Shout And Shimmy ist im Grunde eine Kopie des Isley-Bros.-Klassiker (mit Credits an James Brown). Das originale Songgerüst war den Who genial und wert genug, gecovert zu werden, aber in die Stapfen der kleinen Lulu, die anderthalb Jahre zuvor damit ihr furioses Debüt feierte, mochten die ersten Mods im Lande wohl doch nicht treten. Also mutierte es zu Shout And Shimmy.

(·) My Generation wurde in Deutschland ganz gut verkauft, ist dennoch nicht so leicht in bester Erhaltung zu bekommen.


The Raconteurs: Steady, As She Goes / Store Bought Bones 2006 UK-XLS

Ein Raunen ging durch die musikinteressierte Öffentlichkeit: Jack White und Brendan Benson würden zusammenarbeiten. Eine Single kam auf den Markt, in 1000er Auflage. Sie war natürlich schneller weg, als die meisten zugreifen konnten, und wurde deshalb schon nach kurzer Zeit bis zum Zehnfachen des Einkaufspreises gehandelt.
Ein geschickter und gut durchdachter Schachzug seitens der Protagonisten. Die Öffentlichkeit war heiß gemacht, man wartete auf mehr und wurde dann auch nach einigen Wochen mit einer Neuauflage, dazu einer weiteren Single (mit der akustischen Version von Steady…) und der dazugehörigen LP bedient. Damit die teuer gehandelten Erstpressungen auch als solche erkenntlich blieben, hatte man ihnen von vornherein ein großes A aufgedruckt, obige mit dem B ist folglich die Zweitpressung.
Steady, As She Goes strotzt nur so von popmusikalischem Selbstbewusstsein.

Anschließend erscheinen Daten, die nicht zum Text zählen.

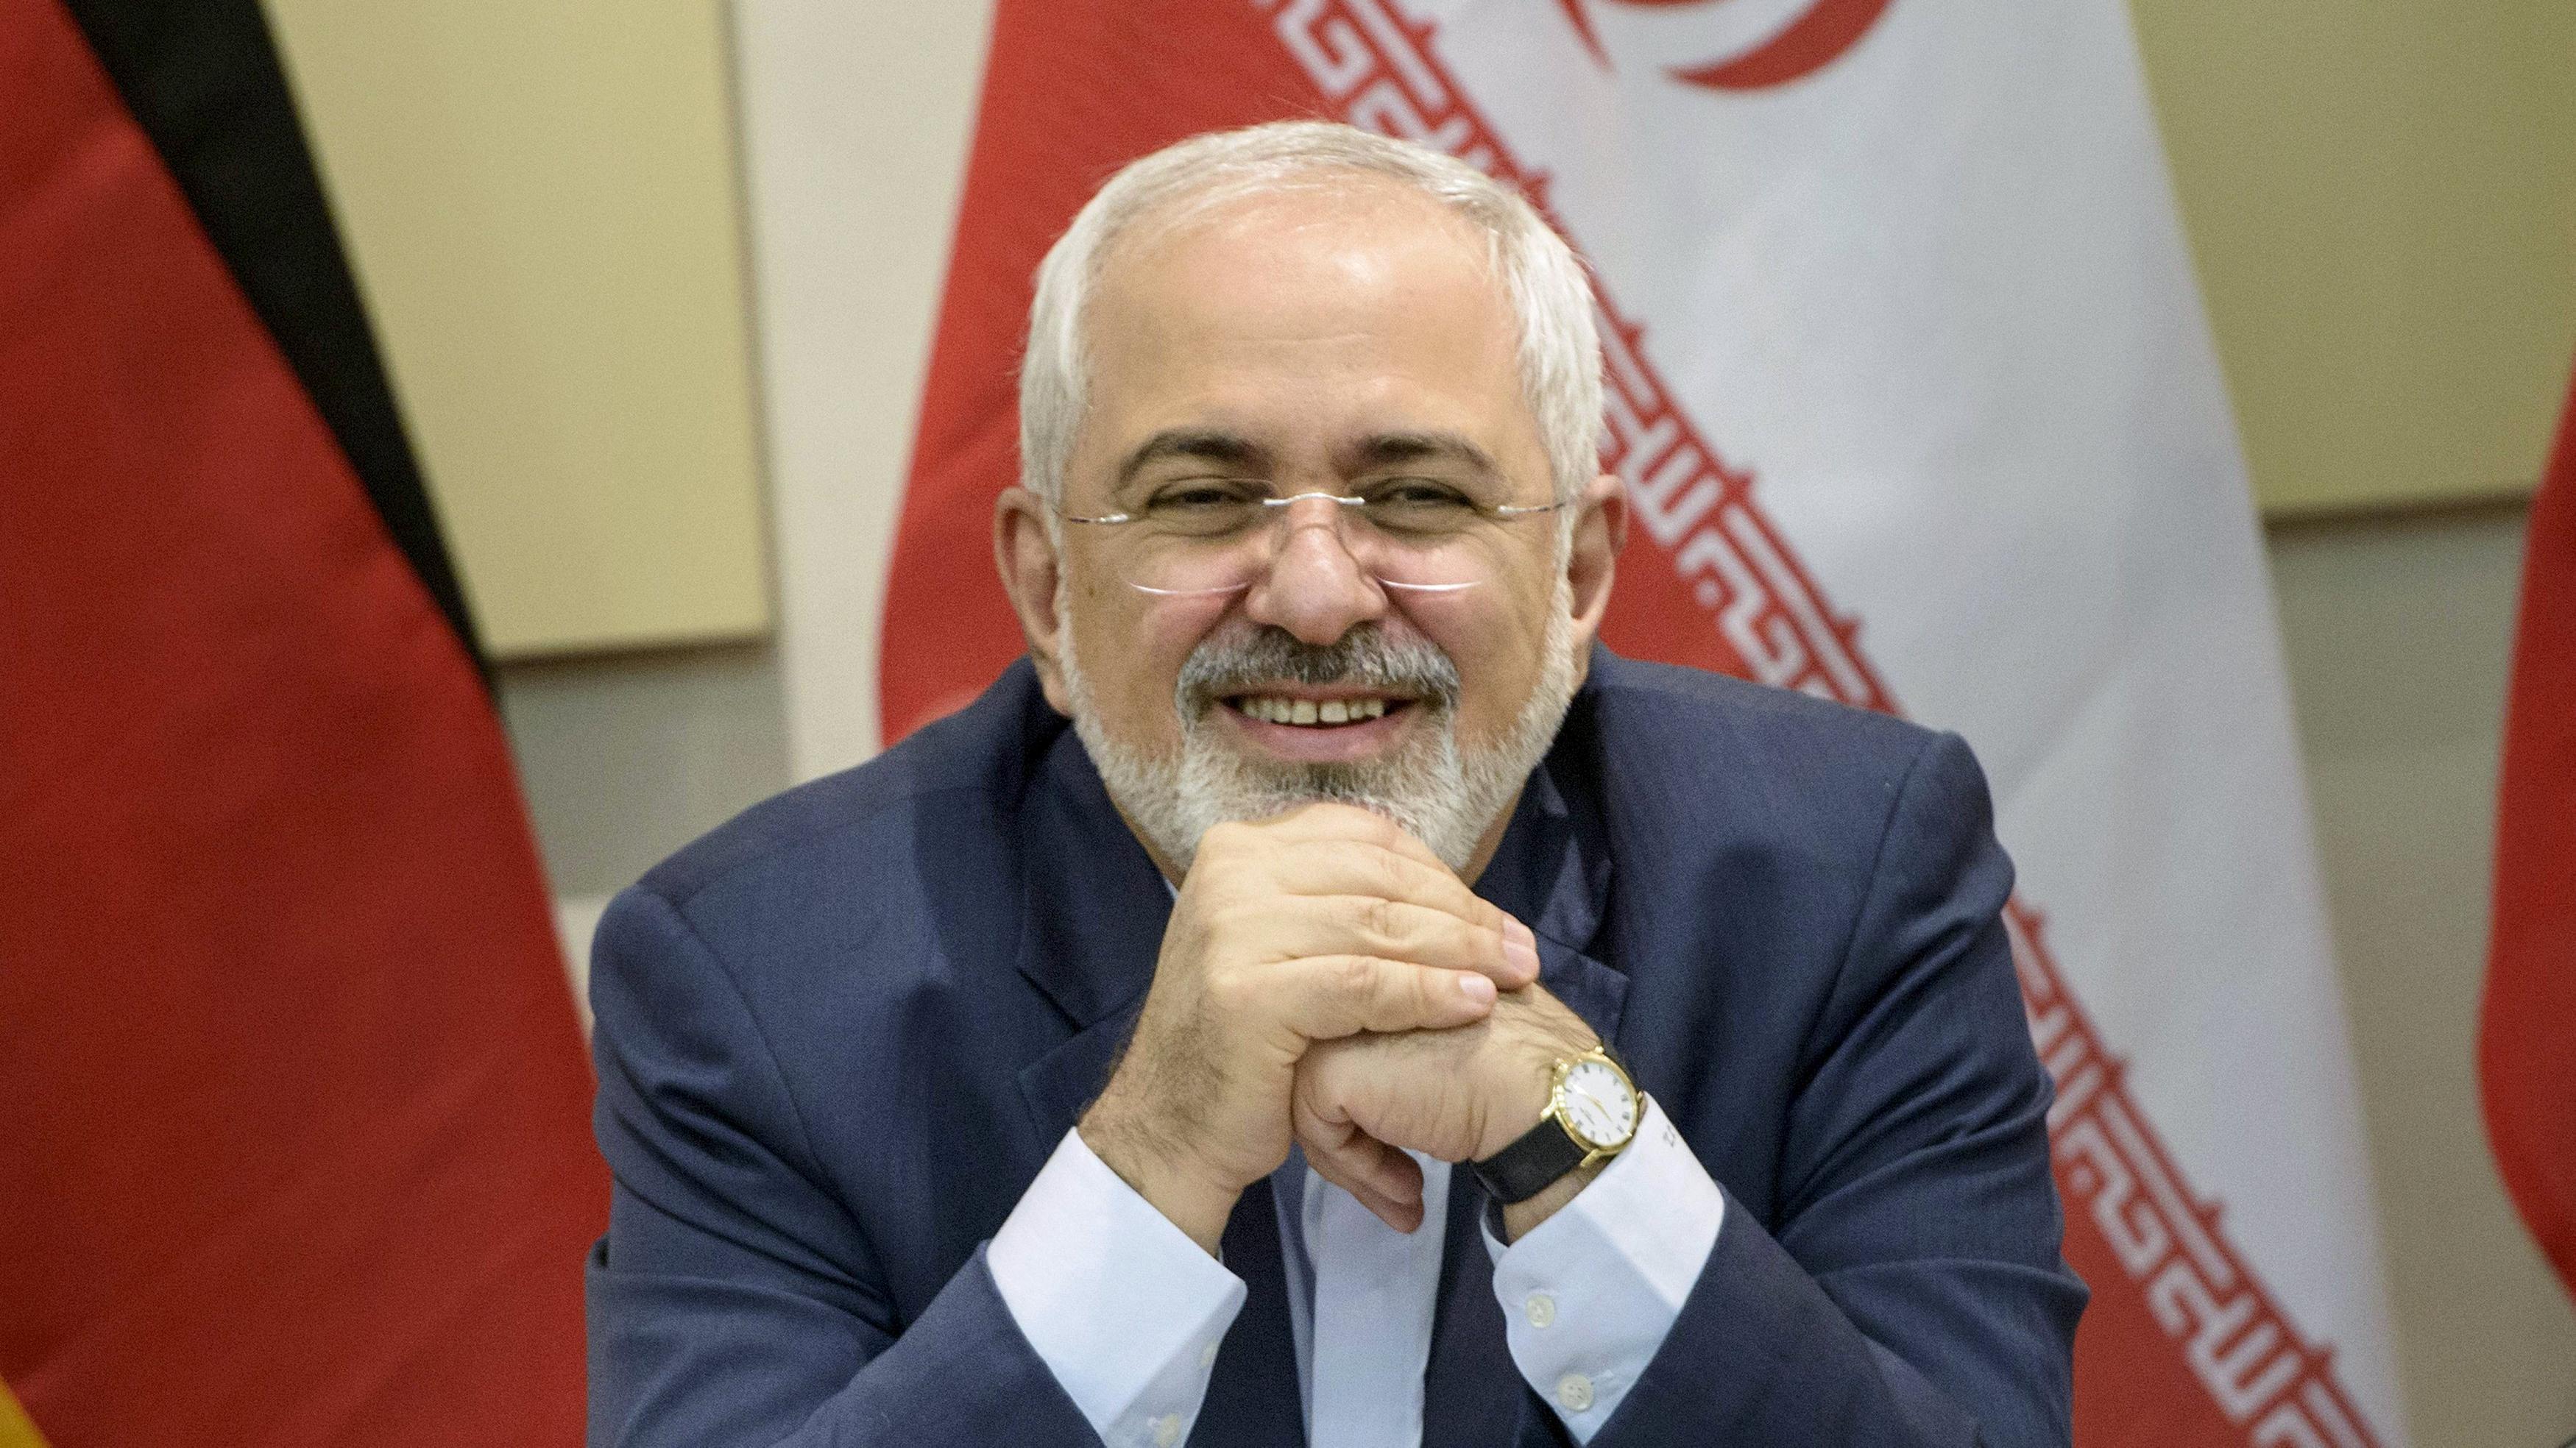 Iranian Foreign Minister Javad Zarif smiles as he waits for the start of a meeting with P5+1, European Union and Iranian officials at the Beau Rivage Palace Hotel in Lausanne March 30, 2015, during Iran nuclear talks.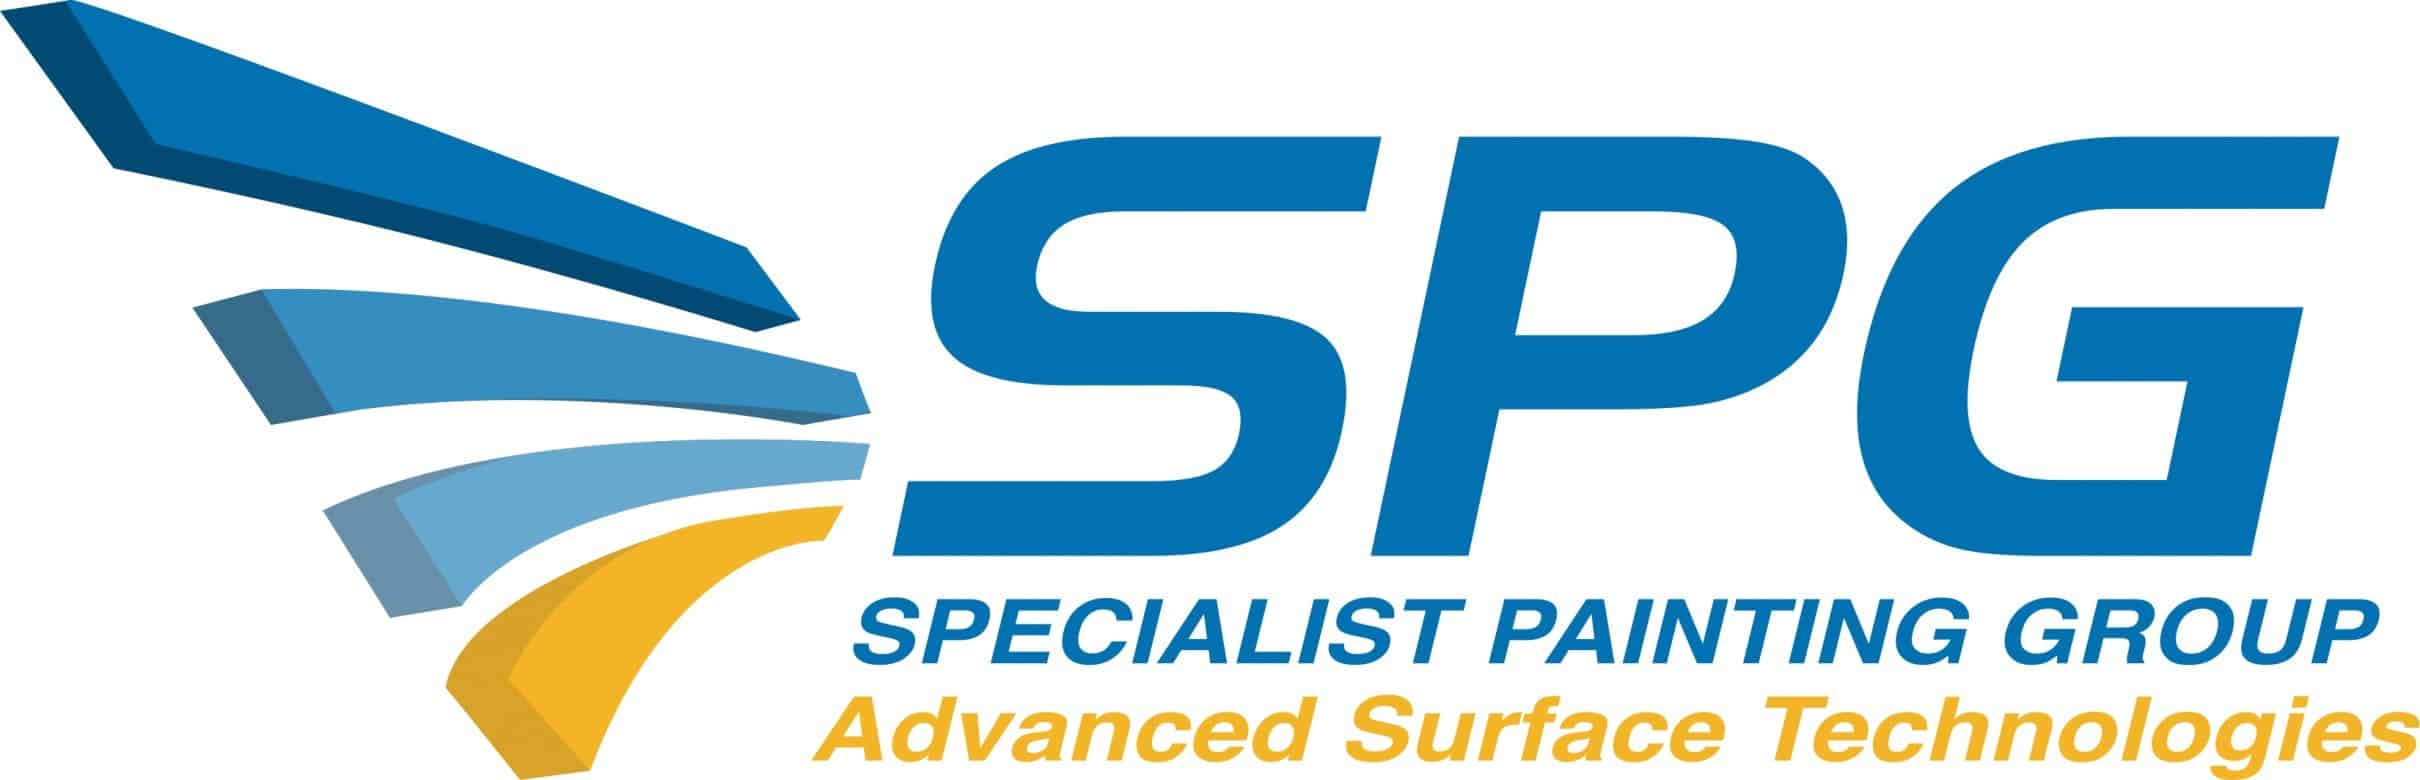 SPG (Specialist Painting Group) Ltd

Wer kann sich schon ein so langes, im Grunde langweiliges Intro leisten? Alles x-mal gehört. Dann ein Song, der kaum mehr bietet als die kleine Melodie, die sich schon gleich zu Beginn an die Hörer heranmacht und im Refrain höchstens noch eine harmonische Ausweitung erfährt. Wahrlich nichts Aufregendes. Und doch: Mit welcher Coolness ist das hier gemacht, mit welchen Arrangementideen ist das alles garniert! Der Hörer geht demütig in die Knie. Dieser Track ist einfach toll und zeigt Jack White wieder einmal als den großen popmusikalischen Verführer, der mit einfachsten Mitteln ein Höchstmaß an Wirkung zu erzielen versteht und den Coolness-Faktor stets neu definiert.
Die A-Seite höre ich also deutlich von White inspiriert, bei Store Bought Bones scheint mir Benson mehr die Hand im Spiel gehabt zu haben. Es ist nicht mein Track. Da ist mir zuviel Frühsiebziger-Prog zu hören, allein der Schluss hätte so einigen Colosseum-Stücken entstammen können. Nein, so weit geht meine Liebe nicht.

(·) Als B-Pressung ist die Single derzeit noch auf dem Markt, das A-Original dürfte jetzt bei 20-30 Euro liegen.